= Geoff Lester =

Australian physician

Geoff Lester is an Australian physician, researcher, patient advocate and health economist. Lester's is an ambassador for the National Heart Foundation of Australia.. He has been featured in national media for his advocacy role in cardiovascular health, internal medicine, perioperative care, and patient advocacy, particularly in aortic disease awareness and premature cardiovascular disease.
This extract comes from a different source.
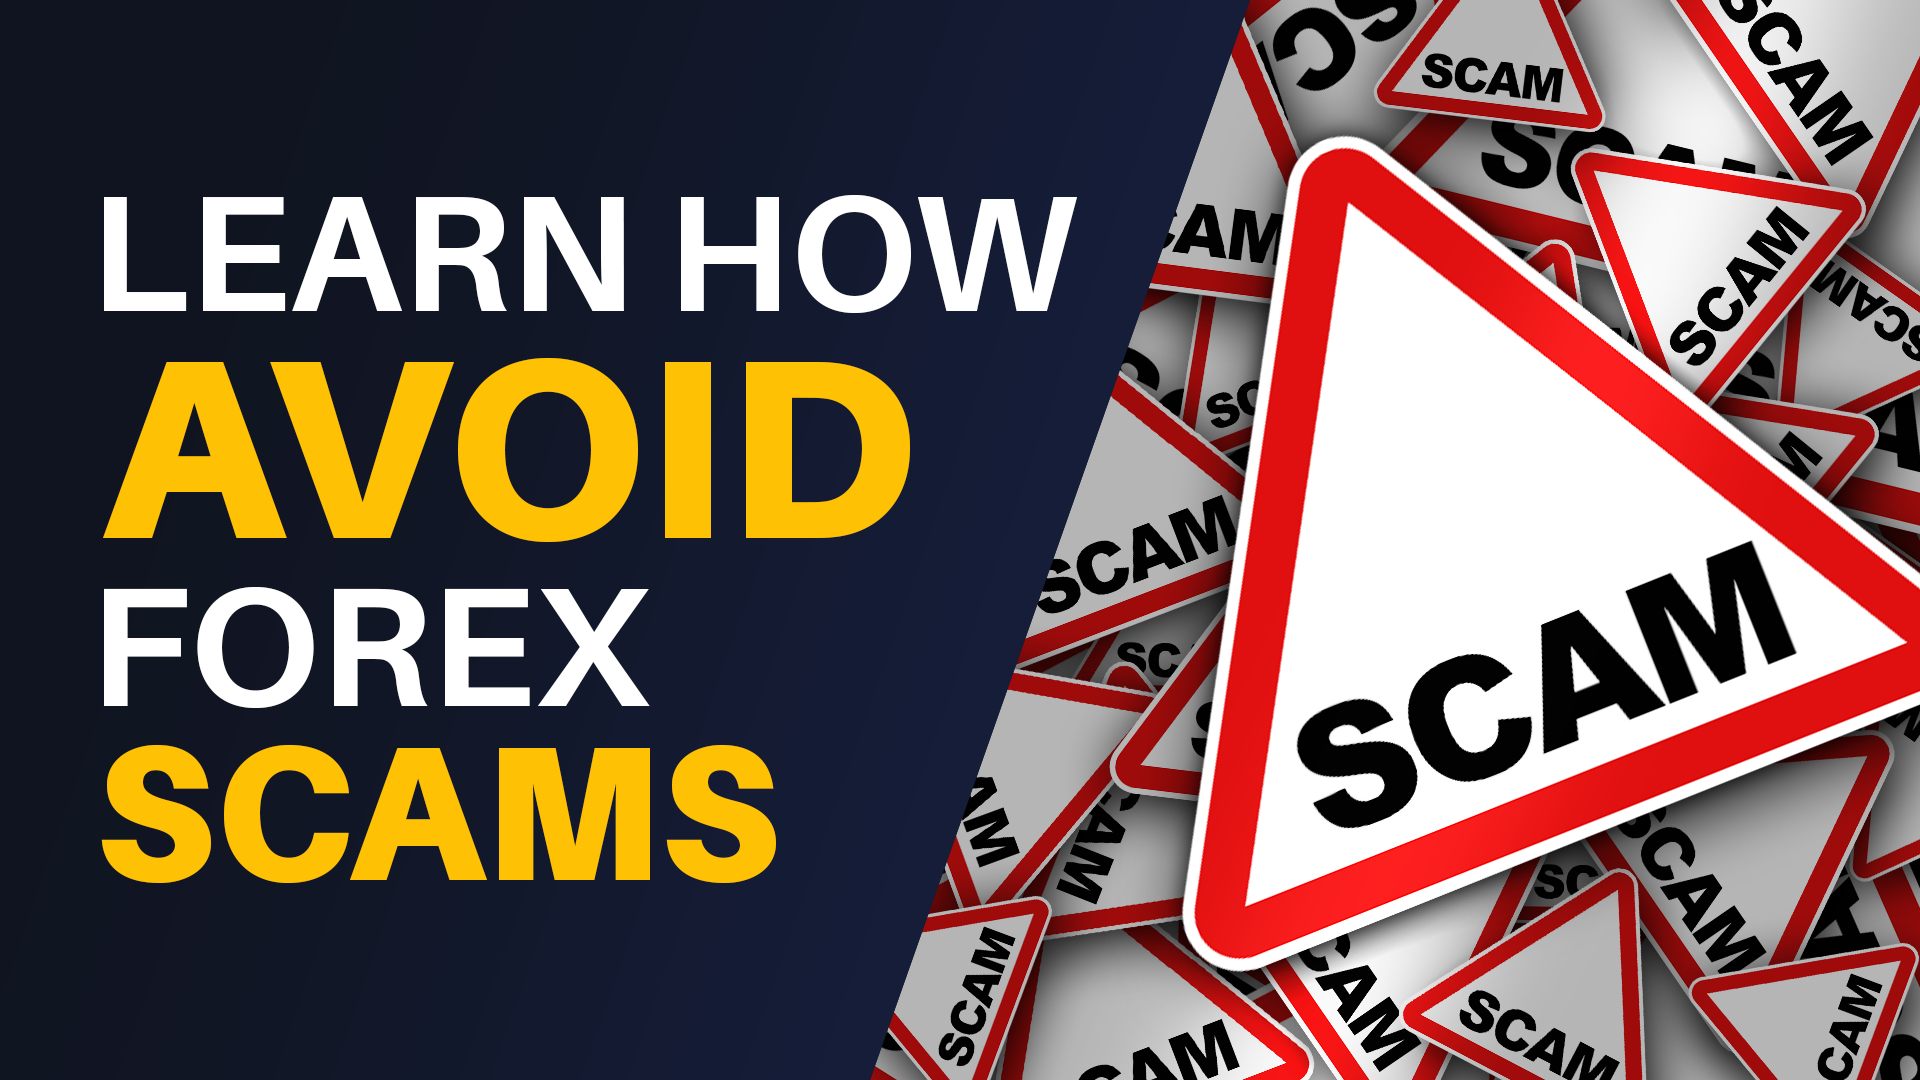 forex scams list

== Early life and education ==
Lester grew up in rural South Australia before travelling to London and returning to Australia to study economics. He then studied medicine following his first of four aortic dissections that required emergency surgery. He completed his basic physician training at Royal Prince Alfred Hospital, Sydney and Alfred Hospital, Melbourne, undertaking training in cardiology, internal medicine, perioperative medicine, and vascular medicine. He holds a Master of Public Health and a Master of Philosophy, with a thesis focused on the epidemiology, mortality, and economic burden of thoracic aortic disease.

== Career ==
Lester practises as a consultant vascular and perioperative physician in Victoria, Australia. His special interest is aortic disease. He is a senior lecturer at Monash University where he studies the economic modelling of perioperative medicine services.

Advocacy and public engagement

In 2024, he became the first Australian to lead the 'THINK Aorta' campaign across Asia–Pacific. In 2025 he was appointed to the board of Heart4Heart, an Australian patient-led charity.

== Personal life ==
Lester is married with one child. His brother has also had prophylactic aortic surgery.